Essa pressão levou o Senado dos Estados Unidos a se reunir em sessão de emergência para desbloquear uma votação que finalmente terminou às 02h30 desta madrugada e que passa a bola para a Câmara dos Representantes para que inicie, o mais cedo a partir desta noite, uma deliberação de resultado incerto e a menos de 24 horas de que o bloqueio do DHS bata o recorde histórico de duração para uma agência do país.
O líder da maioria republicana no Senado, John Thune, reconheceu que o resultado da votação foi “infeliz” e acabou admitindo uma capitulação diante do que lamentou como uma falta de vontade de aproximação por parte da oposição do Partido Democrata. “Eles queriam reformas e tentamos trabalhar com eles para alcançá-las. O fato é que há batalhas que devem ser deixadas para outro dia”, considerou.

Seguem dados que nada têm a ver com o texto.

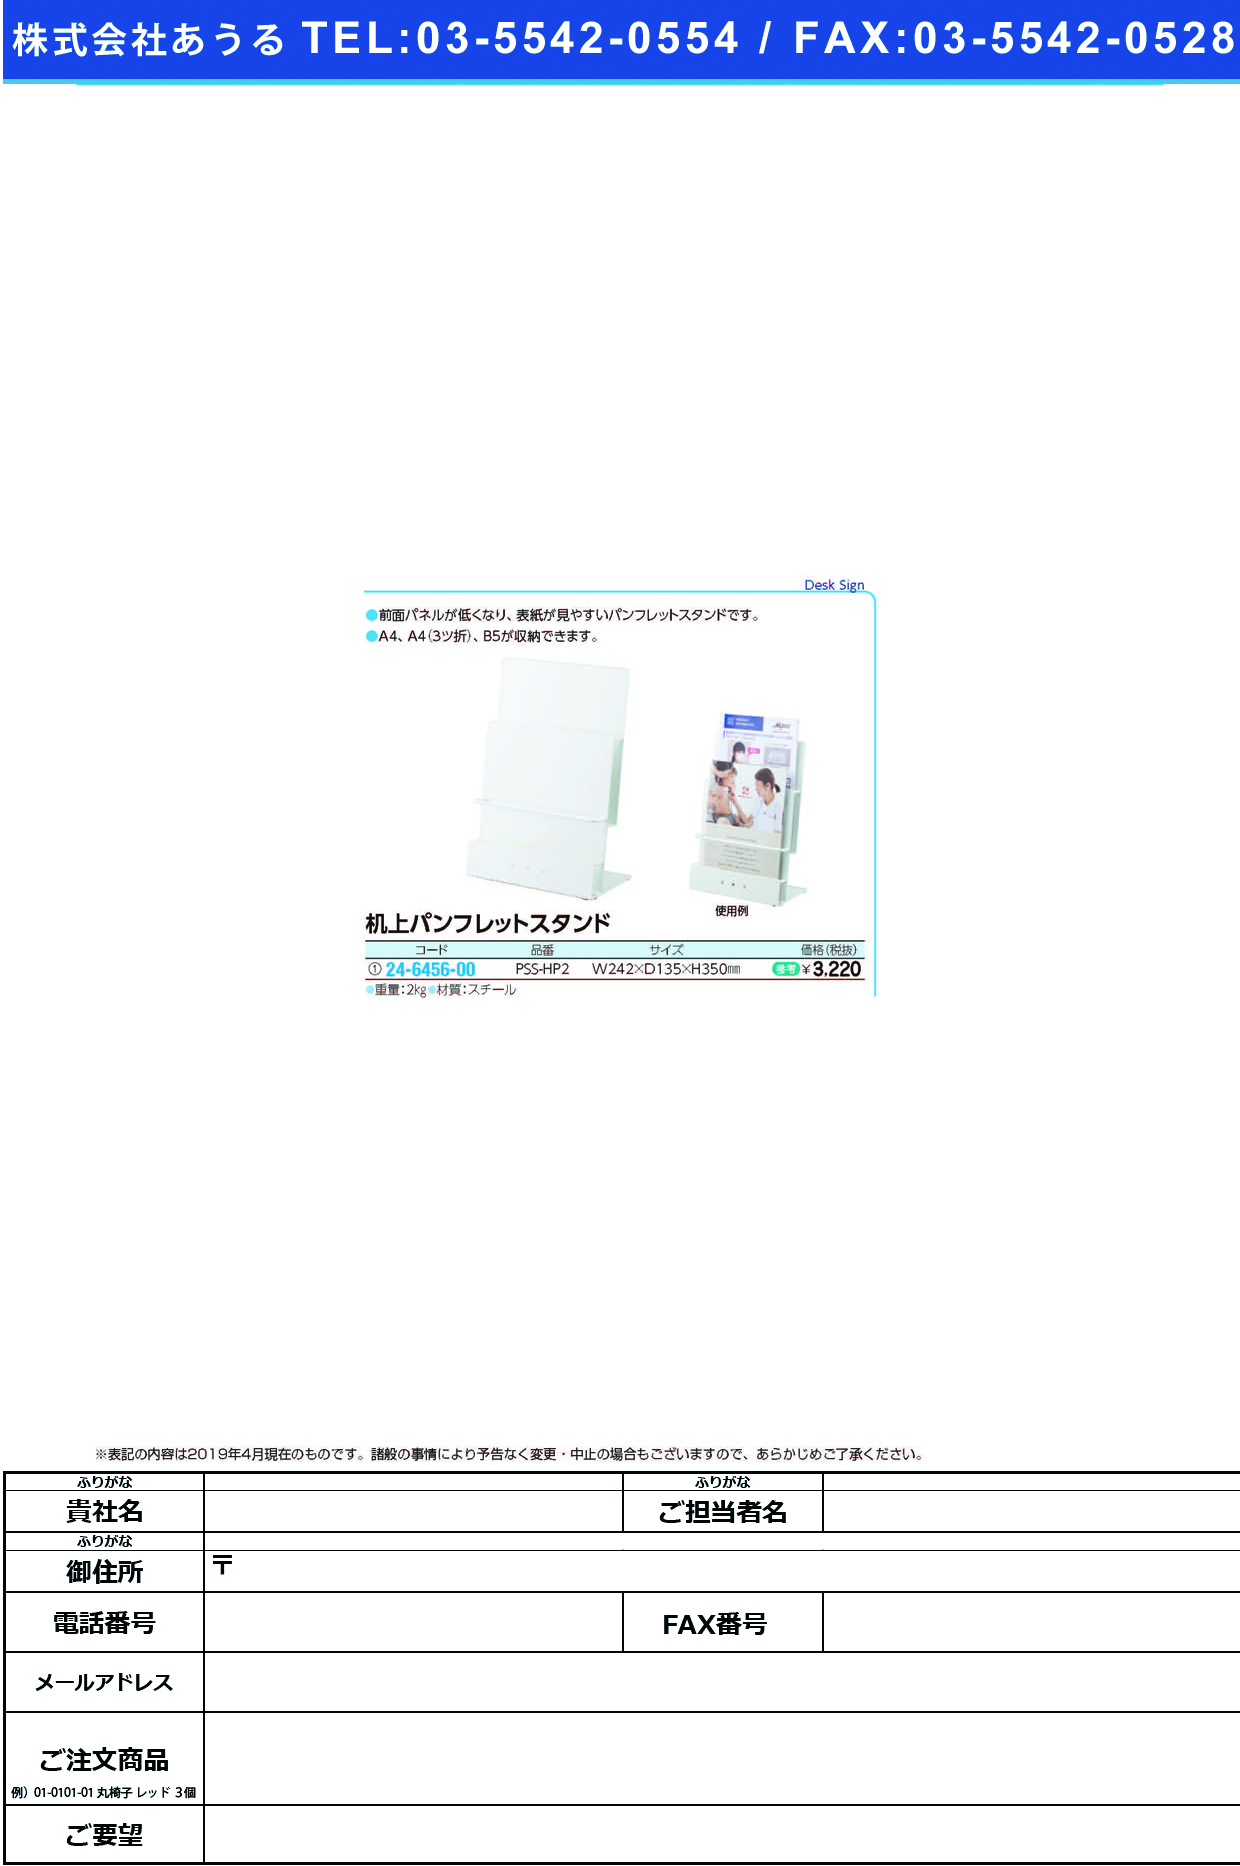 (24-6456-00)机上パンフレットスタンド PSS-HP2 ｷｼﾞｮｳﾊﾟﾝﾌﾚｯﾄｽﾀﾝﾄﾞ【1個単位】【2019年カタログ商品】

O líder da minoria democrata no Senado e chefe “de fato” do partido, Chuck Schumer, comemorou, por sua vez, que “esses bandidos do ICE perderam o cheque em branco” de que desfrutavam desde julho de 2025, quando a aprovação da Lei da Bela e Enorme Medida Legislativa de Donald Trump acabou concedendo à agência um orçamento adicional de cerca de 70 bilhões de euros para operações de detenção e deportação que resultaram em inúmeras denúncias de organizações civis contra seus agentes por uso excessivo da força, maus-tratos e abusos em centros de detenção, e pela morte a tiros de dois cidadãos americanos em Minneapolis.
Schumer comemorou uma vitória provisória de seu partido contra a “milícia letal de Donald Trump, que não receberá mais fundos a menos que inicie um sério programa de reformas”. No entanto, o resultado está longe de seus objetivos iniciais, pois o ICE continuará a contar com seu enorme orçamento atual, a votação no Senado de forma alguma aborda suas normas de conduta, e resta saber o resultado final da votação na Câmara dos Deputados, onde os republicanos também são maioria.